Aspiring History Teacher (US 6-12) Looking for Best Sources

by cscottnew

Greetings Historians,

I’m an aspiring history teacher looking for advice. Although I’ve always enjoyed learning about history, my undergraduate studies were focused on business and then I went to law school. After working in law and real estate with low satisfaction, I decided to pursue a career as an educator. I have many prior volunteer experiences working with young people and I’m convinced I’d make a fantastic teacher, but I want to be sure my substantive knowledge of history is up to par. I want to do right by proper historians.

I was an excellent history student in high school and I took several history-based electives in college. Over the past several years, I’ve read several biographies and other history books on topics like WW1 and the US Revolutionary War (in other words, topics that piqued my interest). But now, I want to go back and truly study some foundational sources whether they are on pedagogy or substantive knowledge of history.

What are the texts or other sources that a teacher of history in US high schools simply must know?

Thank you.

EdHistory101

Welcome and congratulations! I hear what you're saying about wanting to be content ready but I would strongly advocate for spending time engaging in what kind of history teacher you want to be. The specifics of what you'll be teaching will be up to your eventual school or district's curriculum, your state standards, and the specific grade level (9th is very different than 12th) so it's hard to get a running start on content given the high degree of variability.

However, in order to do right by proper historians, this is the perfect time to practice approaching history like a historian and develop muscle memory around how you'll present content to your students. One approach to consider is getting a textbook (many public libraries have textbooks from local schools - you can also buy old used ones fairly cheaply from places like ThriftBooks) from the content area or grade you think you'll end up teaching and start designing lessons.
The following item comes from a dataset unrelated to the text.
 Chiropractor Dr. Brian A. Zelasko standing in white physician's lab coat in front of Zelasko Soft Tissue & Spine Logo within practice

Get into the habit of building text sets using various sources and reading levels.

Get comfortable vetting sources. For example, Newsela has lots of current texts leveled up and down but they sometimes minimize complicated history for the sake of readability. I'd advocate spending time with some of the upper Lexile texts and familiarize yourself with what they have. Some other sources worth spending time with are projects like Teaching Tolerance's Teaching Hard History - the podcast is great - the Stanford Beyond the Bubble project and Zinn Education project.
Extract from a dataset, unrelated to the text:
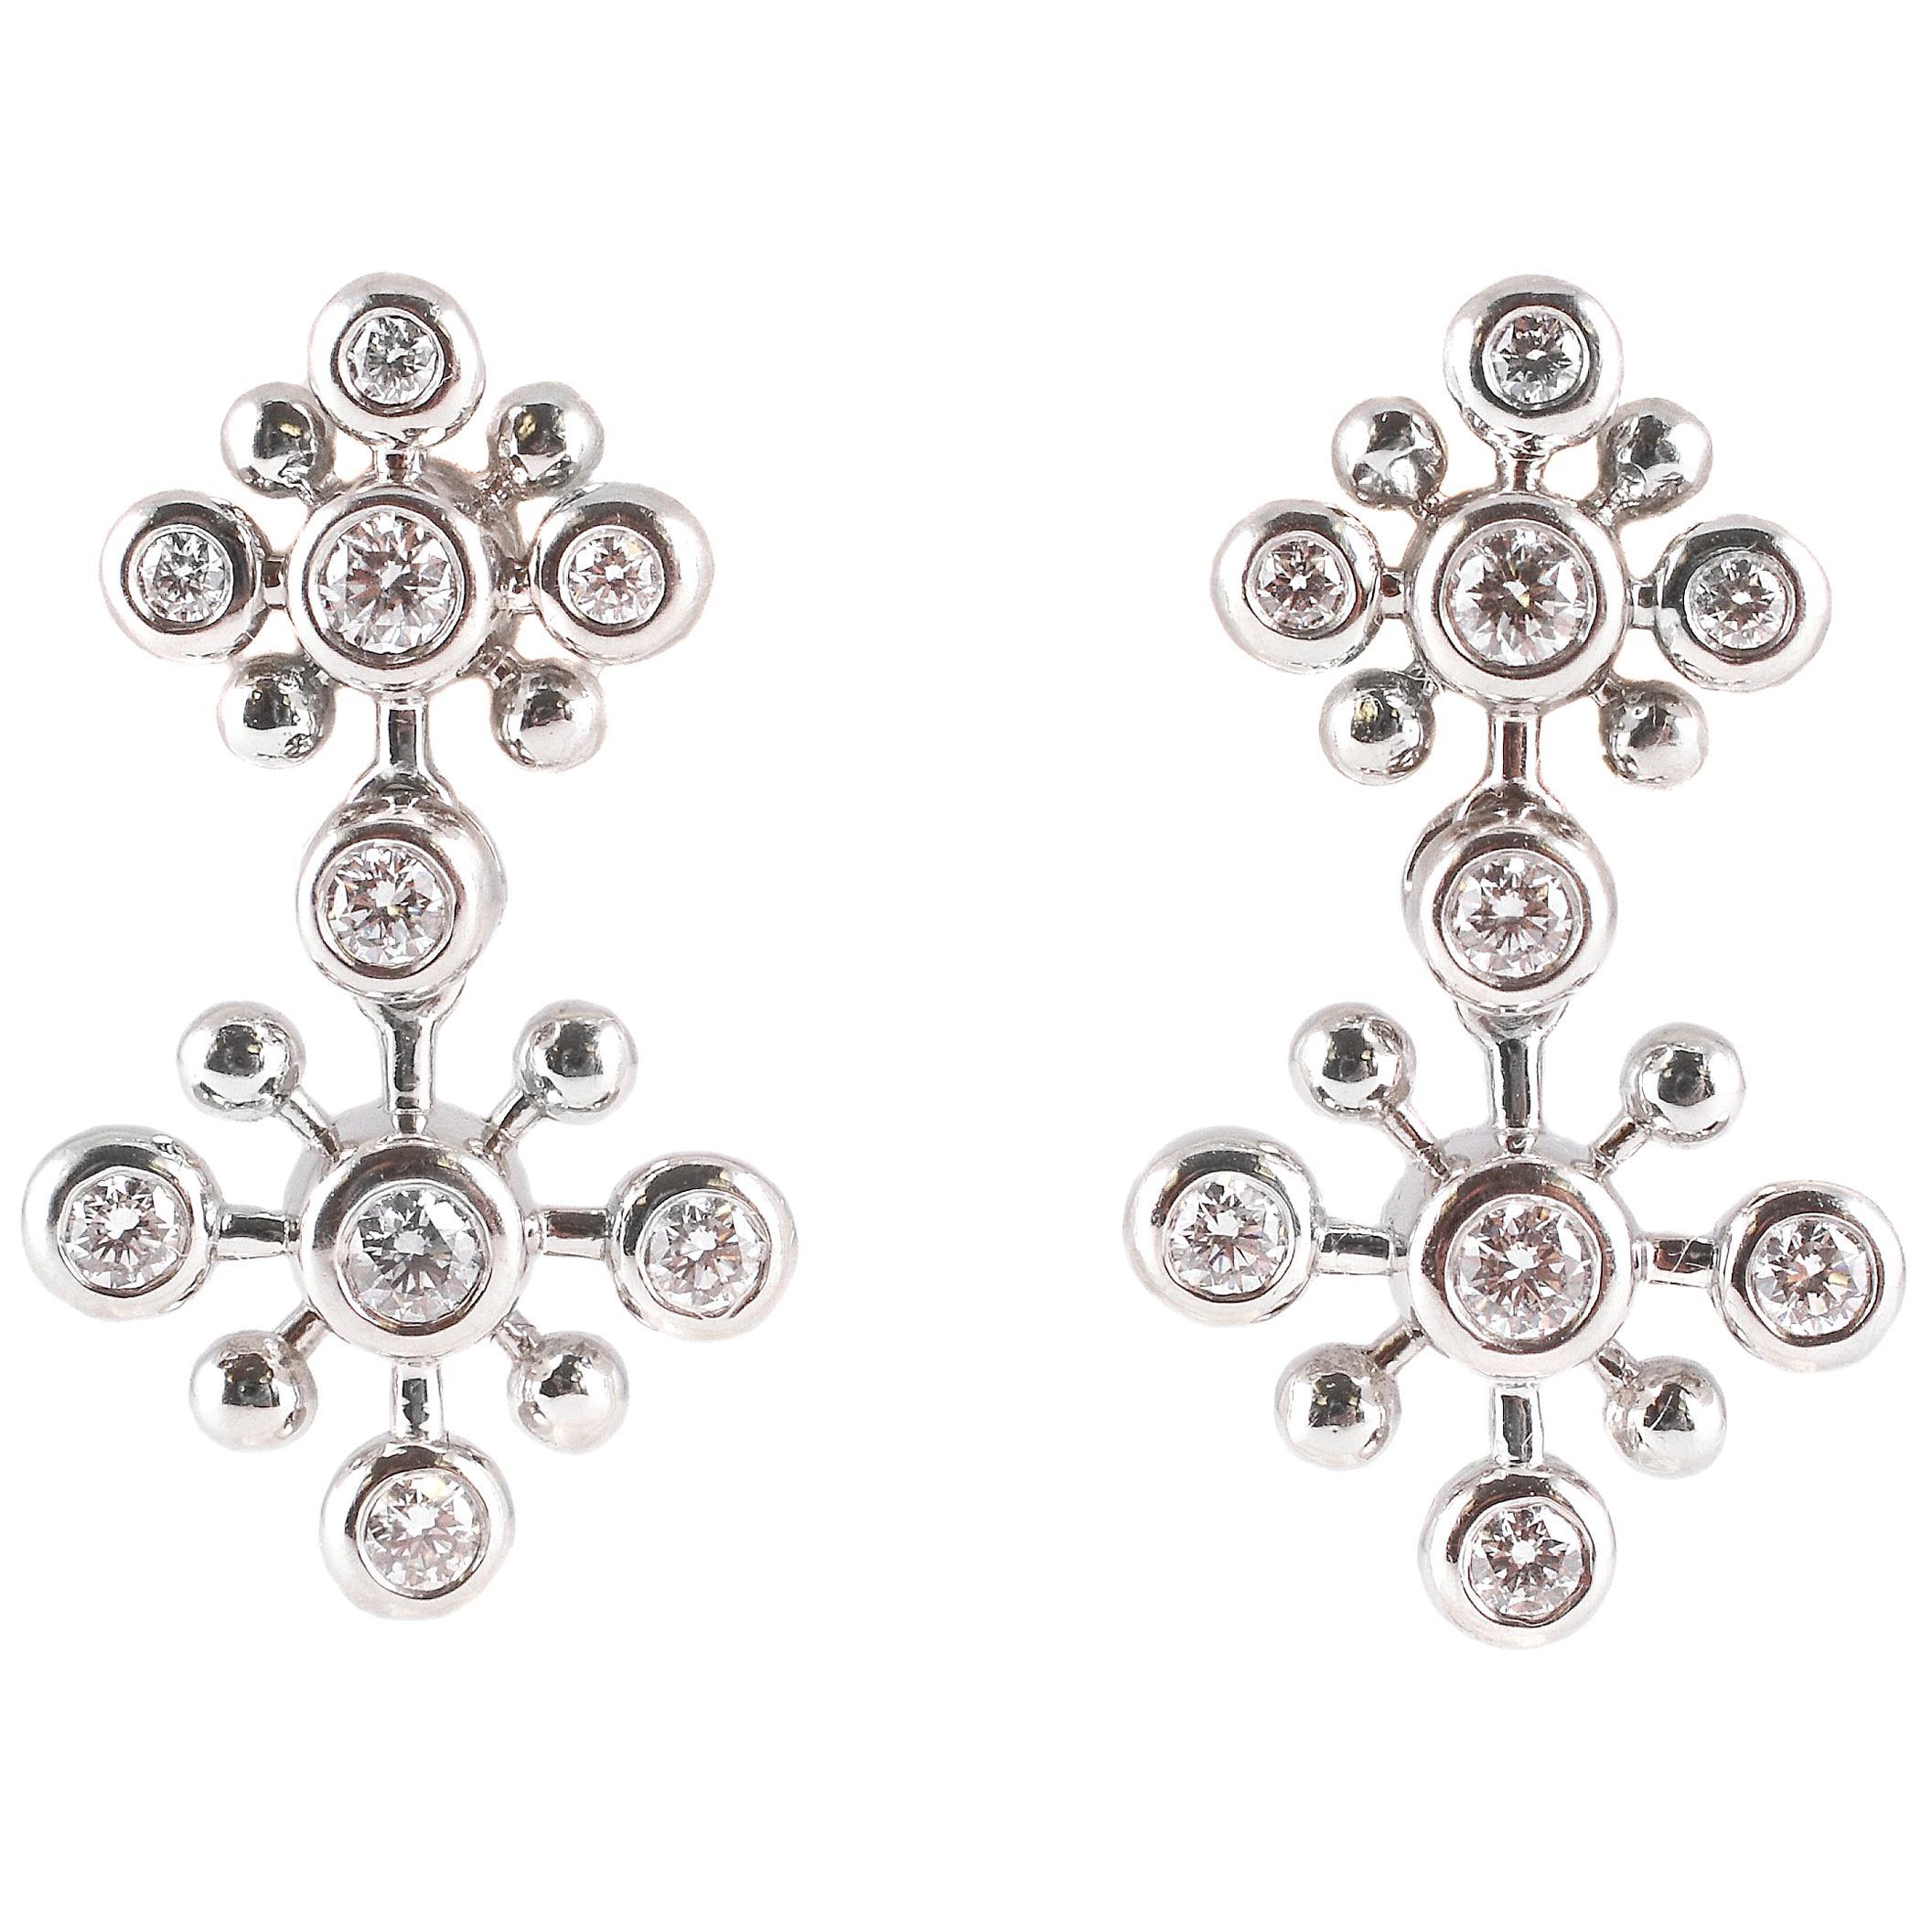 1.25 Carat Diamond Snowflake Earrings

Another good habit to get into is watching YouTube videos that proclaim to teach history and practice fact-checking or testing their claims. Regardless of where you end up, you'll likely be expected to teach students how to construct claims/counterclaims based on evidence and building up that muscle now so you can model for students what it looks like (and doesn't look like in practice) is good. Start building a book list of trusted sources related to various topics. (Our booklist can help with that) and use the work of fact-checking videos to build your own background knowledge.

Finally, it's also worth reading through this recent post from a parent and start to think about how you'll answer a parent's question about content their child brings home. A whole bunch of teaching history at the high school level is about the history teacher's identity and which aspects of history education they elect to lean in to. That is, do you want to be a teacher who maintains the status quo or one who pushes students to wrestle with a more complicated, more complex telling of history. Will you scaffold opportunities for students to challenge history and strengthen their civic identity? It is essential that students build accurate background knowledge in order to develop their critical thinking skills, but background knowledge alone isn't likely to satisfy high school students. They're going to want to do something with what your teaching so thinking about your assessment philosophy is also a good use of time.

All of that said, if you're looking for book recommendations, there are a few I would pass along. First, Clio in the Classroom is about teaching women's history but the content suggestions apply to all topics in history. Also, Why Learn History (When It’s Already on Your Phone) by Sam Wineburg is good. And I'm a big fan of Sarah Meta's Thinking About History if it hasn't crossed your radar.